What the task requires: Would you please transcribe, exactly as written, the lines of the entries below starting at the one that holds "Easy to Install" and ending at the one that holds "Mengenal Jenis Pakan", both included?

Exercise inputs:
———
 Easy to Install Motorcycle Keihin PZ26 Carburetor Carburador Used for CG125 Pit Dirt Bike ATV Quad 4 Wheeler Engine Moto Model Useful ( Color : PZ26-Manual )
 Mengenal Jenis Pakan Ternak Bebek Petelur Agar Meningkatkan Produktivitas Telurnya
———
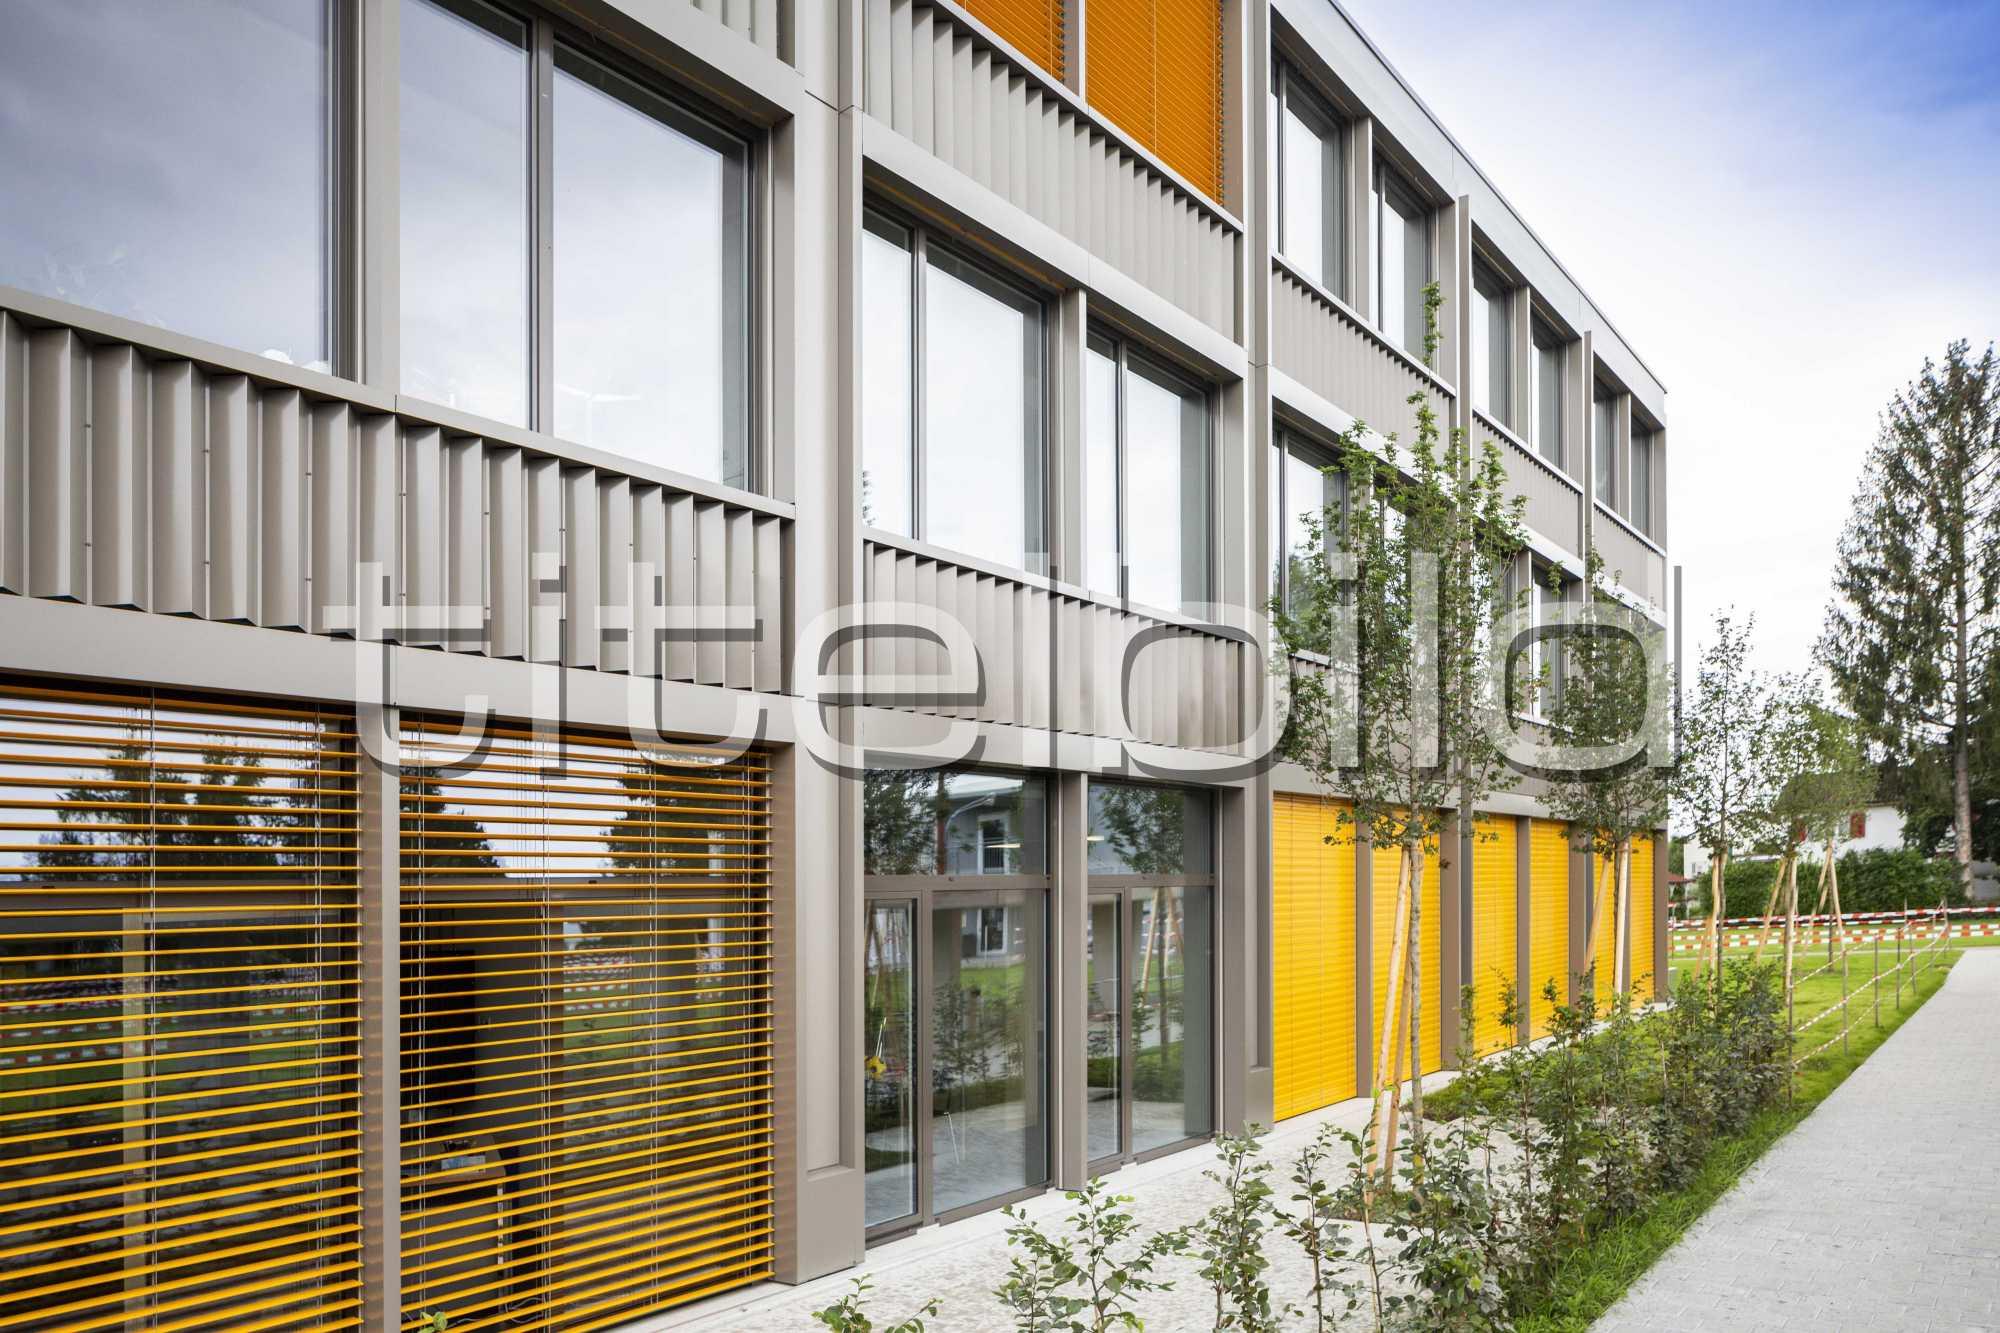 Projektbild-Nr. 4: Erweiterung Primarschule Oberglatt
———
Result below:
 Easy to Install Motorcycle Keihin PZ26 Carburetor Carburador Used for CG125 Pit Dirt Bike ATV Quad 4 Wheeler Engine Moto Model Useful ( Color : PZ26-Manual )
 Mengenal Jenis Pakan Ternak Bebek Petelur Agar Meningkatkan Produktivitas Telurnya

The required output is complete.